There was another reason I was out here all alone with my thoughts. Last night my luck ran out. Whilst Mason hadn’t tried to touch me, he spent the night next to me. I’d been so terrified he would do something to me in my sleep, I’d been awake for most of it. After he got up, I was able to sleep the morning away. Of course, he could have done something to me at any point but having him right there left me feeling vulnerable and unprotected.

I needed to get away from here. I had no other choice but to find a way to escape him. Who knew how long it would be until he decided he wasn’t going to wait any longer? Was he planning on trying to woo me or something? There was no way in hell I would ever willingly sleep with him. The thought of it made me ill. His friends had tried to force themselves on me. Did he even know about it? I hadn’t asked. It didn’t matter in all honesty. What fucking difference would it make? It wouldn’t change the situation I was in. It wouldn’t make him buying this house away from everyone else to keep me in any less disturbing. I think that was the worst part of all. He’d planned this for years. He knew how I felt about being locked away. He fucking knew. And even knowing that, he’d done this.

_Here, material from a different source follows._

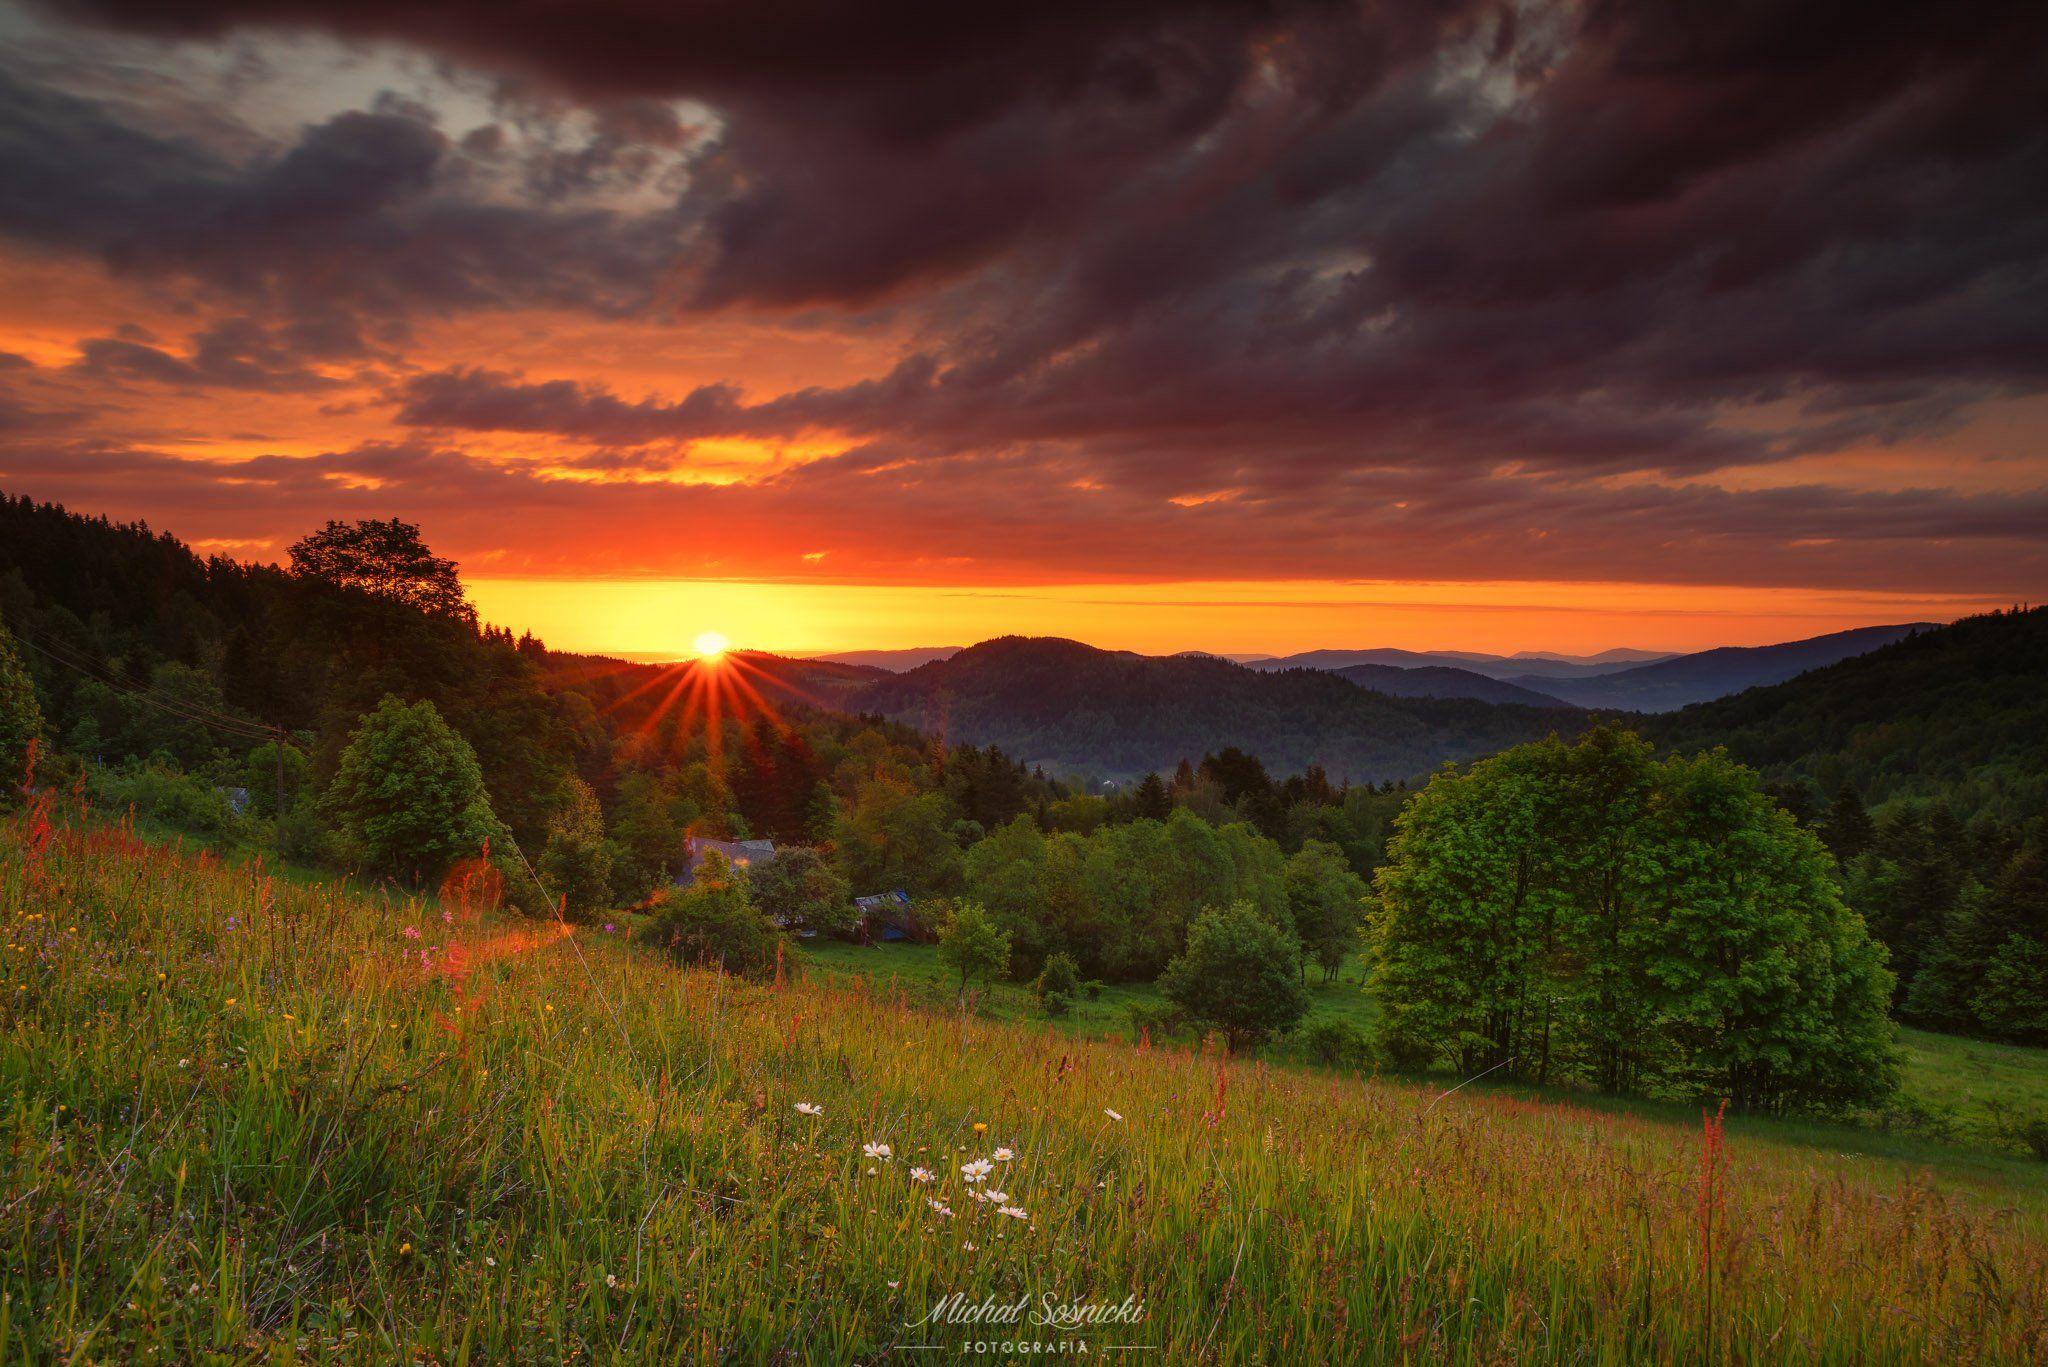 #spring #sun #sunrise #poland #morning #nature #landscape #pentax #benro, Sośnicki Michał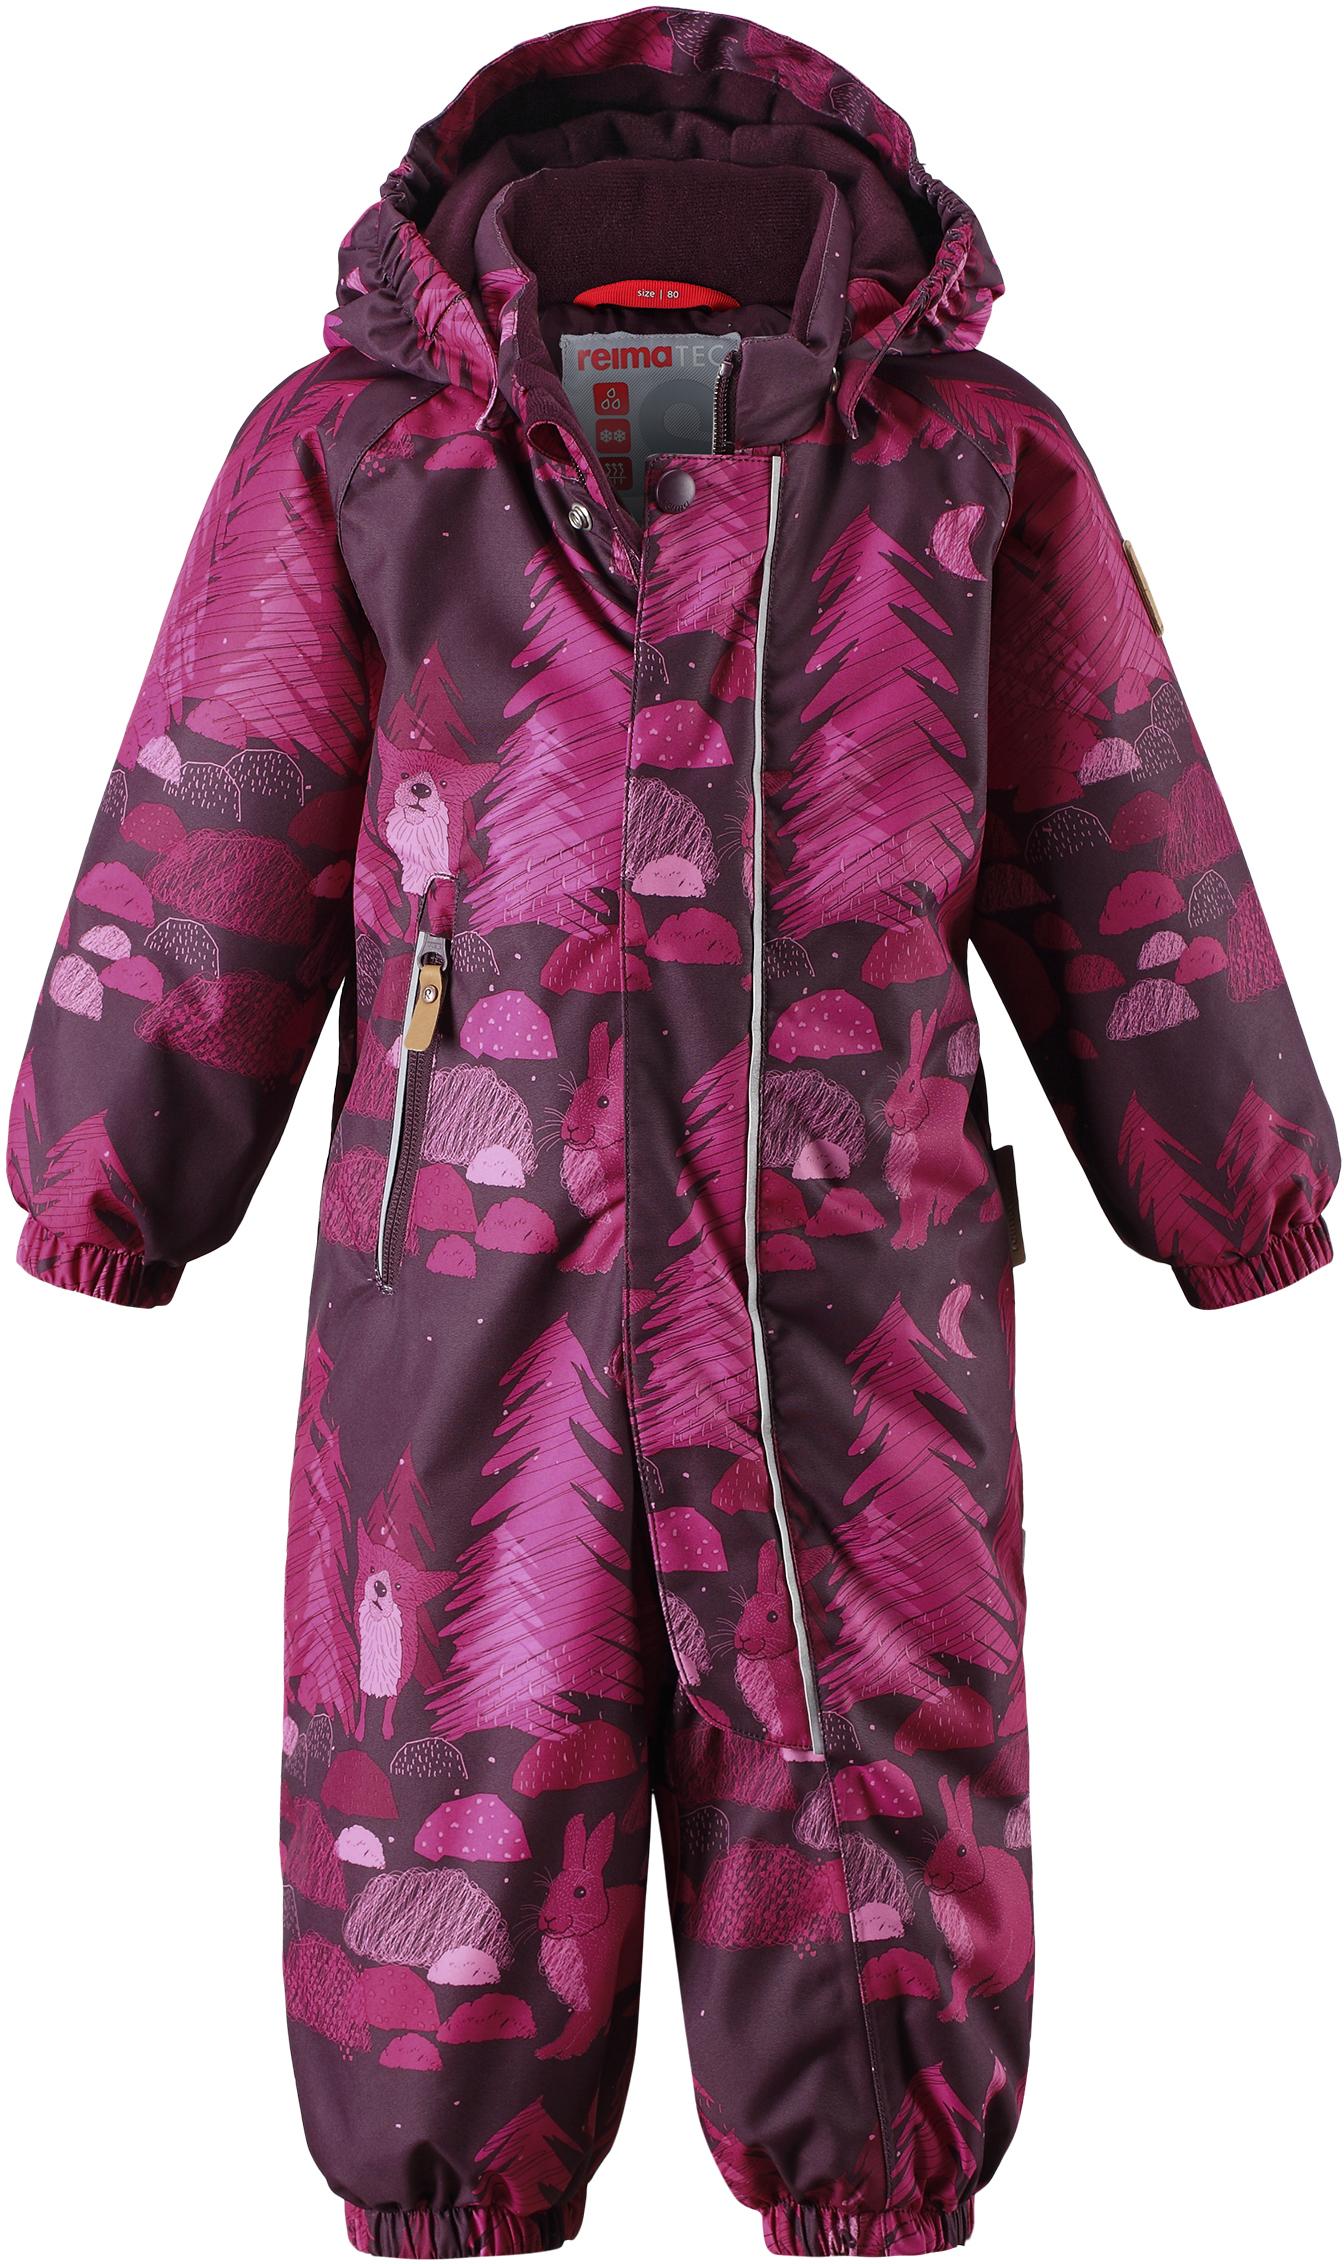 Reima winter overalls: customer reviews 67

I shivered, shoving it all out of my head. The more I thought about it, the more I wanted to cry. The more I wanted to run and never look back. But Mason would come after me. He’d chase me the fuck down and then where would I be? In a worse situation. He would probably stop being nice to me. I couldn’t have that.

I turned to look out over the landscape behind the house, trying not to judge how far I’d have to run. There were hills everywhere, but it didn’t mean there were many places for me to hide. The track to the house was dirt. Who knew how far the main road was from here?

Movement in the distance caught my eye. I blinked, then squinted. Unless I was seeing things, four figures were walking this way. My heart lurched, imagining it might be my men.

Had Prescott, West, Francis and Drake found me?

“Scarlett.”

My head whipped around to the house. Mason stood by the patio door. My eyes went to what he was holding. I swallowed. My heart thumped hard against my ribcage, making me even more nervous.

Why the fuck does he have a shotgun?

I’d never seen a gun in real life before. The sight of him with one made me fear for my life.

“What is it, Mason?”

“Come inside.”

I didn’t want to. Not when he had a fucking gun on him. Why did he even need that? What was the reason he had it out right now?